PROBLEM STATEMENT:
Below are some records; output exactly the lines from the line with "Telekomunikační koncová zařízení." to the line with "Visita la exposición", both ends kept, and nothing more.

DATA EXTRACT:

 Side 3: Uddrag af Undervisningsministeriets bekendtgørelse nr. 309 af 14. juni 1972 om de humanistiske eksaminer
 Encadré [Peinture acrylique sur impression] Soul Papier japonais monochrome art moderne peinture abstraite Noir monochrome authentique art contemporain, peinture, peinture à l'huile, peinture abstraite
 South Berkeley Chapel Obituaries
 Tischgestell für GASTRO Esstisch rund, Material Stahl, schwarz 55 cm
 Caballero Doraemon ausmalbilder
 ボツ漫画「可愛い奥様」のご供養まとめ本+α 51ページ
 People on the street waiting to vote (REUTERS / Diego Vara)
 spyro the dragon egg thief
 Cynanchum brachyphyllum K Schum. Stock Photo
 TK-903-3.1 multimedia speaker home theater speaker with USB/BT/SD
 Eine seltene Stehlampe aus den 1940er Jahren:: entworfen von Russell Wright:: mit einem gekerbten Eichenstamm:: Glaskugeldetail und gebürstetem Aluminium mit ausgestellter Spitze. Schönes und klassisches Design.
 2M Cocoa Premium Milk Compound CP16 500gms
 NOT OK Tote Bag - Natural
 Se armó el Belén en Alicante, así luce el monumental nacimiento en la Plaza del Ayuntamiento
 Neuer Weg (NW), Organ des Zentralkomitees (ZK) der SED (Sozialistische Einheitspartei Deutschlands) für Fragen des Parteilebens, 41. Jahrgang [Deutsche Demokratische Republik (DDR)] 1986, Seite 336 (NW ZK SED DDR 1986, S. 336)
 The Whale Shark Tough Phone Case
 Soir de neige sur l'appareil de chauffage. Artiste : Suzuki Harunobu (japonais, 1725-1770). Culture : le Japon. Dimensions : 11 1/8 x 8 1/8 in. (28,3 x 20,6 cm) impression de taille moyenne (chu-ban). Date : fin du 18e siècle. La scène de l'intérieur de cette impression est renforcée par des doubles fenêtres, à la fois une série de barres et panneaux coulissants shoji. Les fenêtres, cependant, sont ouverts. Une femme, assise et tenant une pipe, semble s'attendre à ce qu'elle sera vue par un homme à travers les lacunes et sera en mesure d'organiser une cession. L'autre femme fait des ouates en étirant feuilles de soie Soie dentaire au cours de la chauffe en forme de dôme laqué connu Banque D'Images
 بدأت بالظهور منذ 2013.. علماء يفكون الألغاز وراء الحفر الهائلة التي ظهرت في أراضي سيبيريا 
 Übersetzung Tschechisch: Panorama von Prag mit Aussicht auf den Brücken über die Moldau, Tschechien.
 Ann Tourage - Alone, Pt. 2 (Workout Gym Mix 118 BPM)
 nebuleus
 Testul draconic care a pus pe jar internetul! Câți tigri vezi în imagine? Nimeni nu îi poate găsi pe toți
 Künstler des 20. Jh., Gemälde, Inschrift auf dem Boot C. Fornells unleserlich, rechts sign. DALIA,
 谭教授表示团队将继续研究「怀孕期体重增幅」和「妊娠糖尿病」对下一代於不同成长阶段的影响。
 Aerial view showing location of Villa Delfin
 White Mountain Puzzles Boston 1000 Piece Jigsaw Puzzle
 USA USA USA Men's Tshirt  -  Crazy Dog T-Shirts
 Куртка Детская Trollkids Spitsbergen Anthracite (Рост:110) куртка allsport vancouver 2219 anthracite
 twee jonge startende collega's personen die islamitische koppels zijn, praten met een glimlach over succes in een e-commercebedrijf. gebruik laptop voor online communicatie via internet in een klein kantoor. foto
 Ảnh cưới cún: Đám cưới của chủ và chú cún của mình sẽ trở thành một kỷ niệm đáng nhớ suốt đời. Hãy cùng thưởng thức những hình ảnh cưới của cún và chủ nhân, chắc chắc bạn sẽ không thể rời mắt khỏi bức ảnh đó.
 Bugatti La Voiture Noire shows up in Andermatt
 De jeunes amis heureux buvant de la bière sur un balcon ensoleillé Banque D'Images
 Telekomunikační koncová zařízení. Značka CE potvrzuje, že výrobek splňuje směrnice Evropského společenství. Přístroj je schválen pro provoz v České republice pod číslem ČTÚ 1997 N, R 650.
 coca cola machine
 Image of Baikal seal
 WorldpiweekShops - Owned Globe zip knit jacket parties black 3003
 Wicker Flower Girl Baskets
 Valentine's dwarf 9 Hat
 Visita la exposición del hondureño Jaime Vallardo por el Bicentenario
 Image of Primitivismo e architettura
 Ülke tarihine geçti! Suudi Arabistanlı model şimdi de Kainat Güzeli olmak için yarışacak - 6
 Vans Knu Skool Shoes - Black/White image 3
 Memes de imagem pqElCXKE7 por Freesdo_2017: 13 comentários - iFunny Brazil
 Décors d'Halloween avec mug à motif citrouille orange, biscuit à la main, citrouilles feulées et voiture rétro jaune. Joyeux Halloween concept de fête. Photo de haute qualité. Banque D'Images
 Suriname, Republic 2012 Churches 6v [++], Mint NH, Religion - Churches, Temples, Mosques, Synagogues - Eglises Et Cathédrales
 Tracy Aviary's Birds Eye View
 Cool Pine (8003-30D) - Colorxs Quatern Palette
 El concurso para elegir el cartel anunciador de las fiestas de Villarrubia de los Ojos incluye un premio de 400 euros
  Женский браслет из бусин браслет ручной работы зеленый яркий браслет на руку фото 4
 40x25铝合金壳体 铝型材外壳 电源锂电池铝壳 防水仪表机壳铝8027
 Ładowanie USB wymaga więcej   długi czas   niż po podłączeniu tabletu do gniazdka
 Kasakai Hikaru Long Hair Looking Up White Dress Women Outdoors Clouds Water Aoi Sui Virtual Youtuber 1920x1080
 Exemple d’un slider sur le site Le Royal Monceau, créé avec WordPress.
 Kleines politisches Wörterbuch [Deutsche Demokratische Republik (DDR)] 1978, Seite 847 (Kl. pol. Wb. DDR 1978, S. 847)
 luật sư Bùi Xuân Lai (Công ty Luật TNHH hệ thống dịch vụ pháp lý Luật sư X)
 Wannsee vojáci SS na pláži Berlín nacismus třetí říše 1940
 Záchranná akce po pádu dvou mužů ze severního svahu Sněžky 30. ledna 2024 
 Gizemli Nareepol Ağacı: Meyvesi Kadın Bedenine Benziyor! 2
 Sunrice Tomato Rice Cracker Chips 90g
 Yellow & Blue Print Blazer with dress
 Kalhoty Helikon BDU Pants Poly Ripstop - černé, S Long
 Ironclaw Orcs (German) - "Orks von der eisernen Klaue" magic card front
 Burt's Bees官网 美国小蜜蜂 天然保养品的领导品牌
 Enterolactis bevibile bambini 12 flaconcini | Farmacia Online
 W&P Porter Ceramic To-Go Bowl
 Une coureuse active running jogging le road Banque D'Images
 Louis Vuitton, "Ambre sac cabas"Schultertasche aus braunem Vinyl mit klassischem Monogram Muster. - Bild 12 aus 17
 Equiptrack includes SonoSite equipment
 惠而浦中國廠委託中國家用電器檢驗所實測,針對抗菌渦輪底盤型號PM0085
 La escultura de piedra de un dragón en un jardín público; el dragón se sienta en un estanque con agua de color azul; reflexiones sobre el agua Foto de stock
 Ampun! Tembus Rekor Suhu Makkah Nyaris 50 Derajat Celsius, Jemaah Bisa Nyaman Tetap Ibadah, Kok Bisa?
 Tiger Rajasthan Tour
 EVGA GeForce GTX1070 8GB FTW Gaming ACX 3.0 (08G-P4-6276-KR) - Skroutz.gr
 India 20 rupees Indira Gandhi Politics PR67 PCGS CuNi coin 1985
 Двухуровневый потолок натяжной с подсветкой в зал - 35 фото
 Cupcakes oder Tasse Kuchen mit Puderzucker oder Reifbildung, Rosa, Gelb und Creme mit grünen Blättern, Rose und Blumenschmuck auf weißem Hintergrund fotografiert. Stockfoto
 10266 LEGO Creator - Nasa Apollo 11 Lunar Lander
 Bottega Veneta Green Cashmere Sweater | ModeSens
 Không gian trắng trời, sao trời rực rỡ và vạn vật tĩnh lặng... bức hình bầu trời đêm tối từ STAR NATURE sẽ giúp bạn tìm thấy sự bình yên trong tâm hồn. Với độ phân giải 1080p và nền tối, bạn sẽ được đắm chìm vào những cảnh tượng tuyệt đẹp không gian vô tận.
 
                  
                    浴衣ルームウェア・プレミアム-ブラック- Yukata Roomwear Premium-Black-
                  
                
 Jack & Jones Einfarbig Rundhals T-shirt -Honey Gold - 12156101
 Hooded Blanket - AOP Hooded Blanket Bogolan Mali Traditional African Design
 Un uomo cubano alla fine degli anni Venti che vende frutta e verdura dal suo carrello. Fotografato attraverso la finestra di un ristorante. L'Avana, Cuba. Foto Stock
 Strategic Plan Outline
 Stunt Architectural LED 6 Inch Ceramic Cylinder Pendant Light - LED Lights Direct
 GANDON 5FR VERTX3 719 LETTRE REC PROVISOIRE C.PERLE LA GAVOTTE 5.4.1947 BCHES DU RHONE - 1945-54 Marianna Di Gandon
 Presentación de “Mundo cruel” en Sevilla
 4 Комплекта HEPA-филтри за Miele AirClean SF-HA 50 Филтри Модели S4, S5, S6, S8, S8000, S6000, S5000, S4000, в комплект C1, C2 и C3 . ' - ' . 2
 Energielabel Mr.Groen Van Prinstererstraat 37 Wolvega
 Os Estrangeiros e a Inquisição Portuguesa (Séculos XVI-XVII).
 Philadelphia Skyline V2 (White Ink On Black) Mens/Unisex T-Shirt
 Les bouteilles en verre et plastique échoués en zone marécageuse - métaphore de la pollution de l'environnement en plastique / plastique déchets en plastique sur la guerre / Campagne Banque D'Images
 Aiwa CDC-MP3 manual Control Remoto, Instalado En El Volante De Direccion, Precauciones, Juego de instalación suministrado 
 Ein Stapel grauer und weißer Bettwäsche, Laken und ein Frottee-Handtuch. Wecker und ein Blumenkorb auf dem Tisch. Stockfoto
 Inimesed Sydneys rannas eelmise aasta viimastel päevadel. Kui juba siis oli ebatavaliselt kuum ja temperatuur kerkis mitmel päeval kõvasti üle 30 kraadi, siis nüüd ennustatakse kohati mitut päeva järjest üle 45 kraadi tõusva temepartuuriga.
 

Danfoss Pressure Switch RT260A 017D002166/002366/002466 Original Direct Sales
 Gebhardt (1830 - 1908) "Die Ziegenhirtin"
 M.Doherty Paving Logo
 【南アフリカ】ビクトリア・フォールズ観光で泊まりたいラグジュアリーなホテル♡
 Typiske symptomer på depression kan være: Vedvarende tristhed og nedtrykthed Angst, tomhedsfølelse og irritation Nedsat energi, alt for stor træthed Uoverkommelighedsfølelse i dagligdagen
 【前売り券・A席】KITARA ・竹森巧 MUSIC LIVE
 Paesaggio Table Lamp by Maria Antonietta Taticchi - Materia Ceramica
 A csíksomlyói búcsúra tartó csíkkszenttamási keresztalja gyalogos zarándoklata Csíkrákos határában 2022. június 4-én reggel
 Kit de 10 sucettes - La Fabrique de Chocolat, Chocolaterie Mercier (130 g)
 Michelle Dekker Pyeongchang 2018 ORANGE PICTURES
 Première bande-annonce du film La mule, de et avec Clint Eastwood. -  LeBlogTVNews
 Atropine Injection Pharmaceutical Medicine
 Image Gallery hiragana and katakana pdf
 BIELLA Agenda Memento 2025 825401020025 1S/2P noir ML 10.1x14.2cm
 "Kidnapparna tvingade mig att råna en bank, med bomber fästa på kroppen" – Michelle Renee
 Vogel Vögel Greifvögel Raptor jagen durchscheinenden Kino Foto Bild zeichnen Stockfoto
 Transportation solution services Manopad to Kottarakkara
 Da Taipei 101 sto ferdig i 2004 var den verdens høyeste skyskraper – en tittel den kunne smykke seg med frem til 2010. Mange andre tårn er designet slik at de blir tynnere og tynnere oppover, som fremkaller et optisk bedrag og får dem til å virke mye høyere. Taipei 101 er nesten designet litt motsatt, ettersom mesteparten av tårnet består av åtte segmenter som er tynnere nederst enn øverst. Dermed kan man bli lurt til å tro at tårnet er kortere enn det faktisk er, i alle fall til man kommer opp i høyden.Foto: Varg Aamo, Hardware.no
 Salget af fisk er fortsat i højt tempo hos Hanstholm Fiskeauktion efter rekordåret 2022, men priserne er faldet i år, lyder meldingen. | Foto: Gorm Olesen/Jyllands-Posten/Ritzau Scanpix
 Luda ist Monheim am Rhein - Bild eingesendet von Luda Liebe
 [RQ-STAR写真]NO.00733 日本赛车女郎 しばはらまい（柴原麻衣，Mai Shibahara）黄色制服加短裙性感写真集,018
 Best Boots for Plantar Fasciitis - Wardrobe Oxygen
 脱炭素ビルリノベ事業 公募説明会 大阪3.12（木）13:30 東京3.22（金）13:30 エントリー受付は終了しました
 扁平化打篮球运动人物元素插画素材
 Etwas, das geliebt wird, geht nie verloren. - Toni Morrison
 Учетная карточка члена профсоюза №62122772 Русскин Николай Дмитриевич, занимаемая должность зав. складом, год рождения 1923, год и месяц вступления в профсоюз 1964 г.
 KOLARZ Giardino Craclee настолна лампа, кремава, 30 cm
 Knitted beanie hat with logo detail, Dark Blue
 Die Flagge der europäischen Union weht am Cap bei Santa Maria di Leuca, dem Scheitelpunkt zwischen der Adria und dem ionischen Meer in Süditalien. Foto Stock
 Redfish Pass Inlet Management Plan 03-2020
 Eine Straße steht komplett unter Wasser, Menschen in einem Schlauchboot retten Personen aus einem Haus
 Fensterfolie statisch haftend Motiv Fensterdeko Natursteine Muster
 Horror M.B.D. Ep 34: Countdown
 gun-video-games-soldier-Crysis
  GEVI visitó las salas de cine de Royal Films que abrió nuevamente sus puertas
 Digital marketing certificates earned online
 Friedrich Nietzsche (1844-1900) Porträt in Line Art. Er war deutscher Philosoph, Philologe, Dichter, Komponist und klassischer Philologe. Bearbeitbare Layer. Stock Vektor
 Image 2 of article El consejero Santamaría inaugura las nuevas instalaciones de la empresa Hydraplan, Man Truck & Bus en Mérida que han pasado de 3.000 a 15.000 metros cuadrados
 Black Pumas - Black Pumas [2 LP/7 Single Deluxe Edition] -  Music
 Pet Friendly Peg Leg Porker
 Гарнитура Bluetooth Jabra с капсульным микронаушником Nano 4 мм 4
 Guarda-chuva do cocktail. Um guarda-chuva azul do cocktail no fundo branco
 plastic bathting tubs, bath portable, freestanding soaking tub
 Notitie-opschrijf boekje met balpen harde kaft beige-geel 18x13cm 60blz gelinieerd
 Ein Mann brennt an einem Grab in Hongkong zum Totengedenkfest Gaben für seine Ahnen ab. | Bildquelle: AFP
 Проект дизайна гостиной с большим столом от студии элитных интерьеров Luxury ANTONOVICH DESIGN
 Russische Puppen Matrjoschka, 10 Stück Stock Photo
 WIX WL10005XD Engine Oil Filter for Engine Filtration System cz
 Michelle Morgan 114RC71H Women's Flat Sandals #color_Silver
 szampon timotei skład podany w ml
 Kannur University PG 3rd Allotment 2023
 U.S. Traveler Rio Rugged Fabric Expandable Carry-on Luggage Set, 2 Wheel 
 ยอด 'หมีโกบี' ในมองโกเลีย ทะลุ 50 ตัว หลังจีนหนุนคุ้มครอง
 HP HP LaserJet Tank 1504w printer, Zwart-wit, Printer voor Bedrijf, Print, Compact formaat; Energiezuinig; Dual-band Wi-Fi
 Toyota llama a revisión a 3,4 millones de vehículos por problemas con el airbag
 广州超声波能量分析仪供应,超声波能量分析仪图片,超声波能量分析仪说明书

ANSWER SECTION:
 Telekomunikační koncová zařízení. Značka CE potvrzuje, že výrobek splňuje směrnice Evropského společenství. Přístroj je schválen pro provoz v České republice pod číslem ČTÚ 1997 N, R 650.
 coca cola machine
 Image of Baikal seal
 WorldpiweekShops - Owned Globe zip knit jacket parties black 3003
 Wicker Flower Girl Baskets
 Valentine's dwarf 9 Hat
 Visita la exposición del hondureño Jaime Vallardo por el Bicentenario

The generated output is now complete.